Re: [PATCH v13 00/12] add support for Clang's Shadow Call Stack
From: Ard Biesheuvel
Date: Mon Apr 27 2020 - 16:50:48 EST
On Mon, 27 Apr 2020 at 19:39, Ard Biesheuvel <ardb@xxxxxxxxxx> wrote:
>
> On Mon, 27 Apr 2020 at 18:00, Sami Tolvanen <samitolvanen@xxxxxxxxxx> wrote:
> >
> > This patch series adds support for Clang's Shadow Call Stack
> > (SCS) mitigation, which uses a separately allocated shadow stack
> > to protect against return address overwrites. More information
> > can be found here:
> >
> > https://clang.llvm.org/docs/ShadowCallStack.html
> >
> > SCS provides better protection against traditional buffer
> > overflows than CONFIG_STACKPROTECTOR_*, but it should be noted
> > that SCS security guarantees in the kernel differ from the ones
> > documented for user space. The kernel must store addresses of
> > shadow stacks in memory, which means an attacker capable of
> > reading and writing arbitrary memory may be able to locate them
> > and hijack control flow by modifying the shadow stacks.
> >
> > SCS is currently supported only on arm64, where the compiler
> > requires the x18 register to be reserved for holding the current
> > task's shadow stack pointer.
> >
> > With -fsanitize=shadow-call-stack, the compiler injects
> > instructions to all non-leaf C functions to store the return
> > address to the shadow stack, and unconditionally load it again
> > before returning. As a result, SCS is incompatible with features
> > that rely on modifying function return addresses in the kernel
> > stack to alter control flow. A copy of the return address is
> > still kept in the kernel stack for compatibility with stack
> > unwinding, for example.
> >
> > SCS has a minimal performance overhead, but allocating
> > shadow stacks increases kernel memory usage.
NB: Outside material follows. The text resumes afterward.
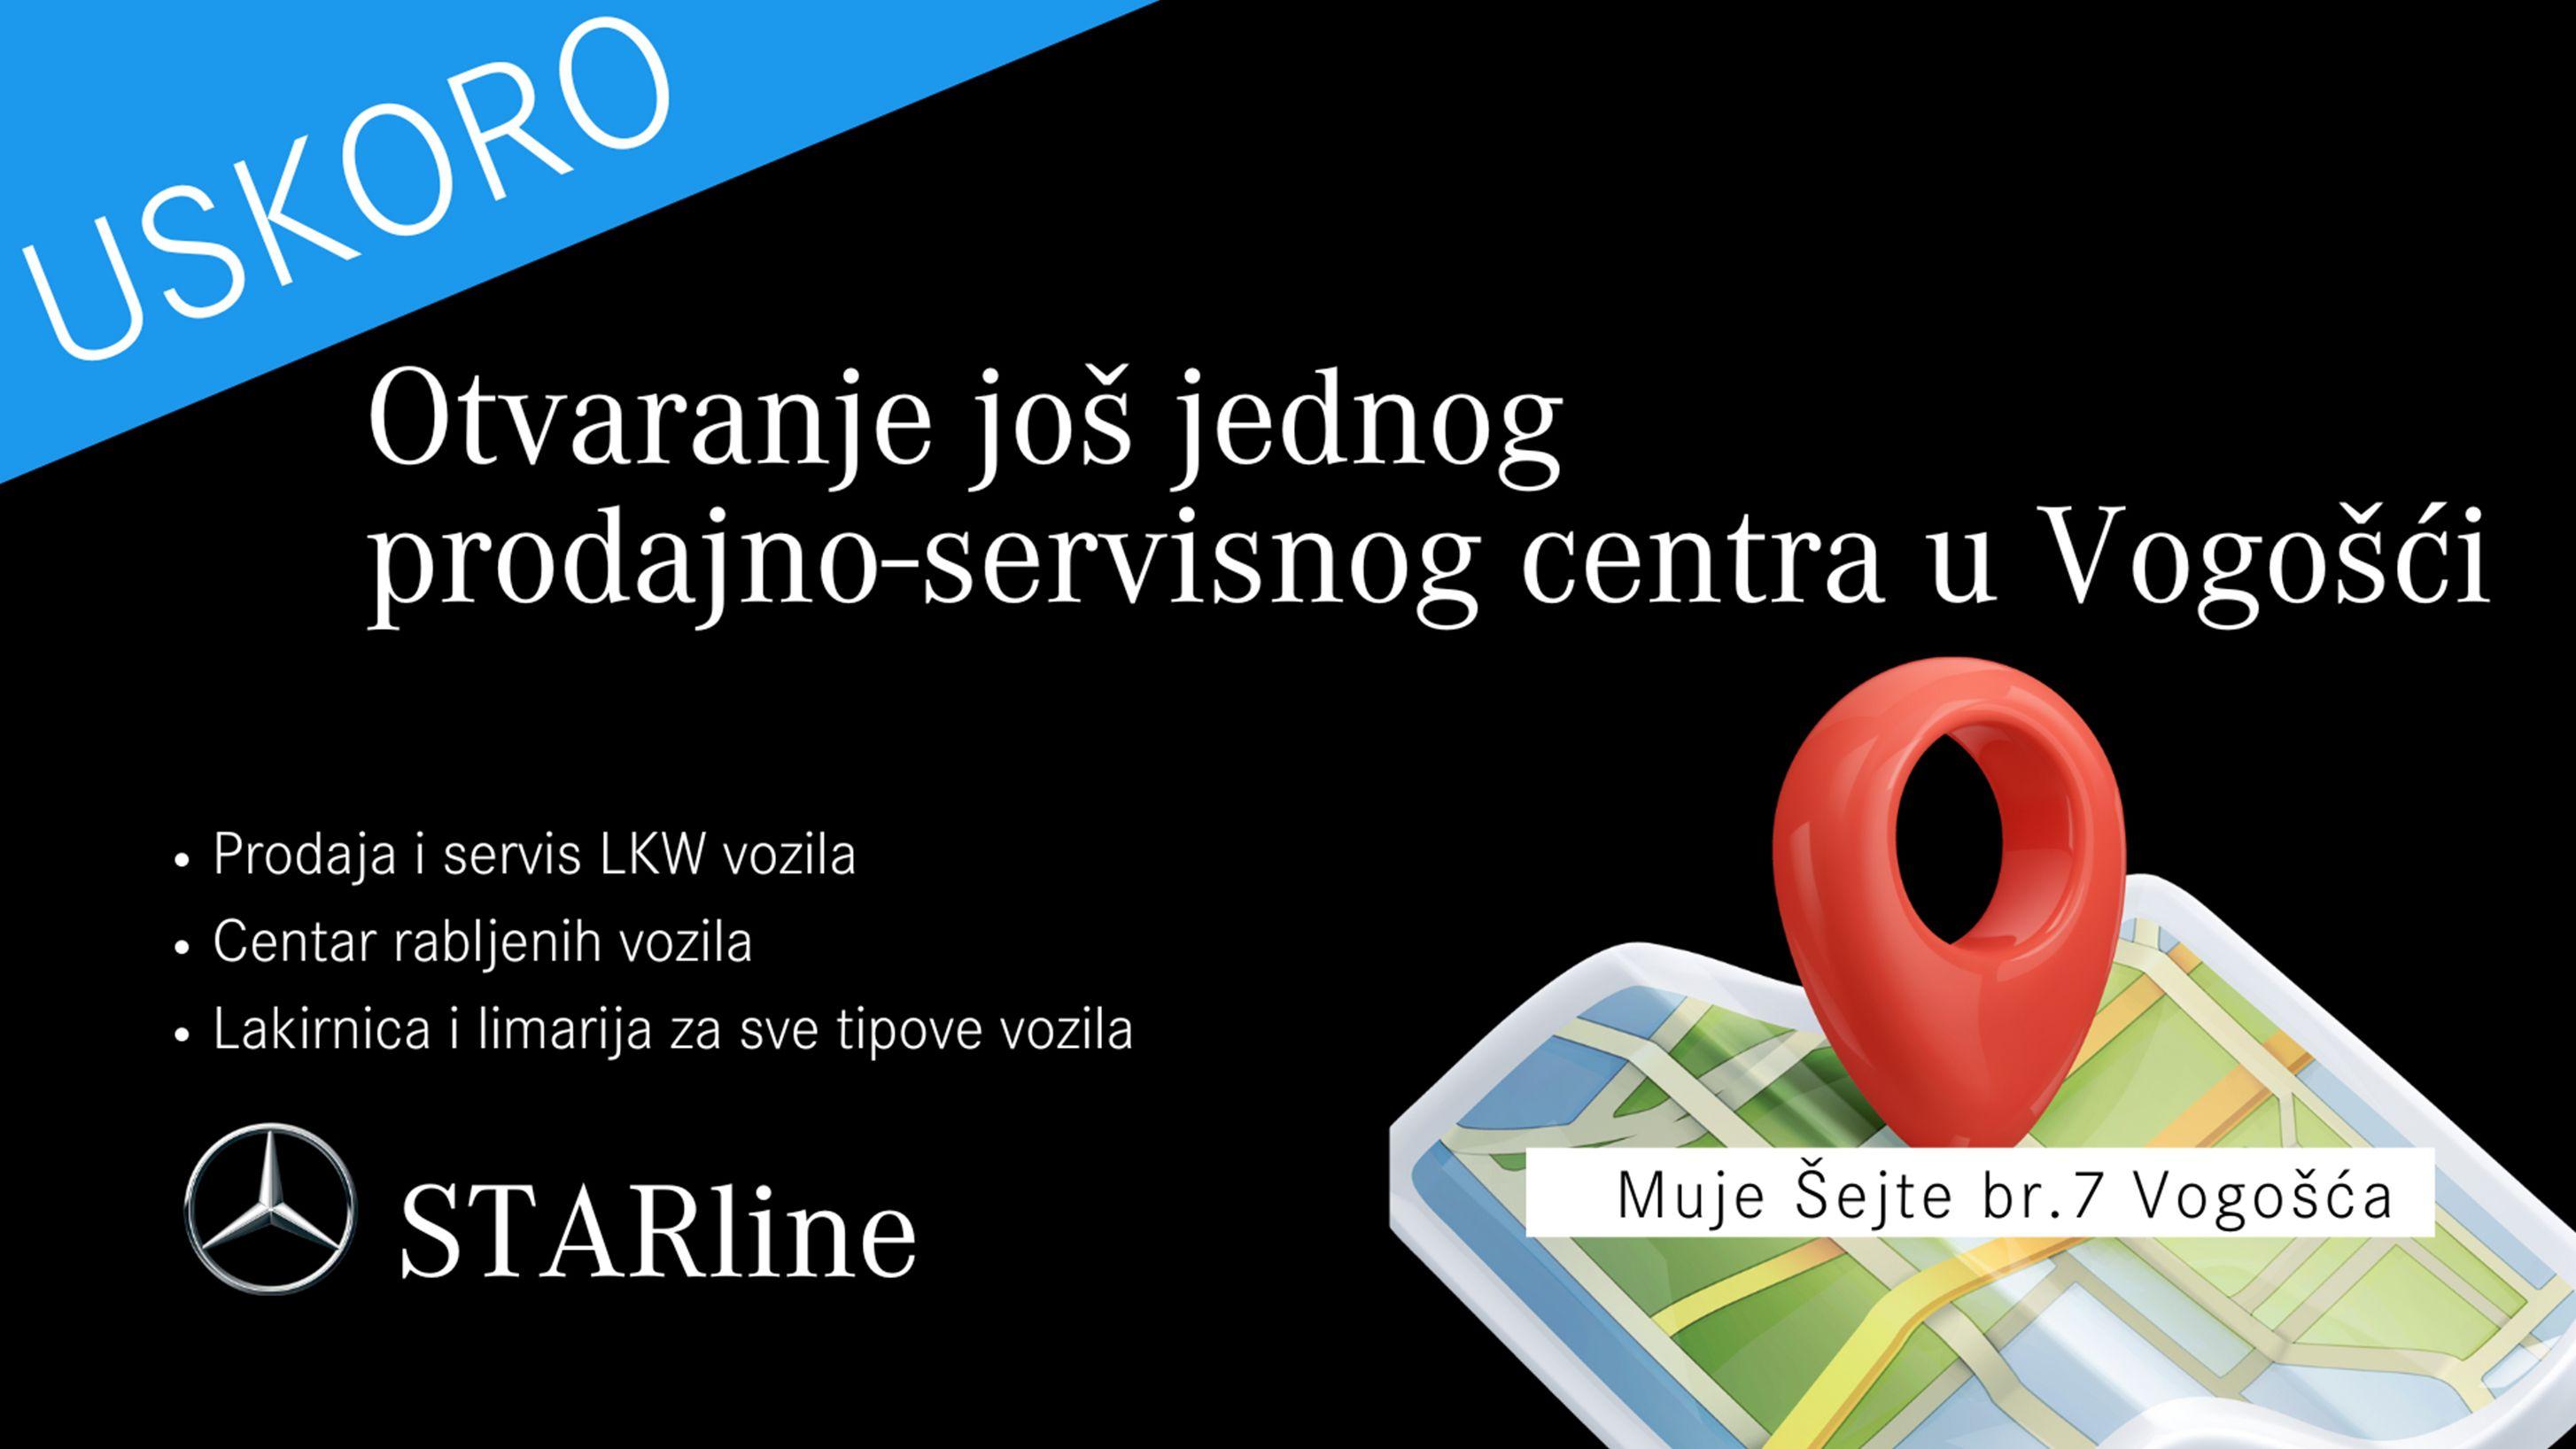 STARline Sarajevo otvara još jedan prodajno-servisni centar u Vogošći

The feature is
> > therefore mostly useful on hardware that lacks support for PAC
> > instructions.
> >
> > Changes in v13:
> > - Changed thread_info::shadow_call_stack to a base address and
> > an offset instead, and removed the now unneeded __scs_base()
> > and scs_save().
> > - Removed alignment from the kmem_cache and static allocations.
> > - Removed the task_set_scs() helper function.
> > - Moved the assembly code for loading and storing the offset in
> > thread_info to scs_load/save macros.
> > - Added offset checking to scs_corrupted().
> > - Switched to cmpxchg_relaxed() in scs_check_usage().
> >
>
> OK, so one thing that came up in an offline discussion about SCS is
> the way it interacts with the vmap'ed stack.
>
> The vmap'ed stack is great for robustness, but it only works if things
> don't explode for other reasons in the mean time. This means the
> ordinary-to-shadow-call-stack size ratio should be chosen such that it
> is *really* unlikely you could ever overflow the shadow call stack and
> corrupt another task's call stack before hitting the vmap stack's
> guard region.
>
> Alternatively, I wonder if there is a way we could let the SCS and
> ordinary stack share the [bottom of] the vmap'ed region. That would
> give rather nasty results if the ordinary stack overflows into the
> SCS, but for cases where we really recurse out of control, we could
> catch this occurrence on either stack, whichever one occurs first. And
> the nastiness -when it does occur- will not corrupt any state beyond
> the stack of the current task.
Hmm, I guess that would make it quite hard to keep the SCS address
secret though :-(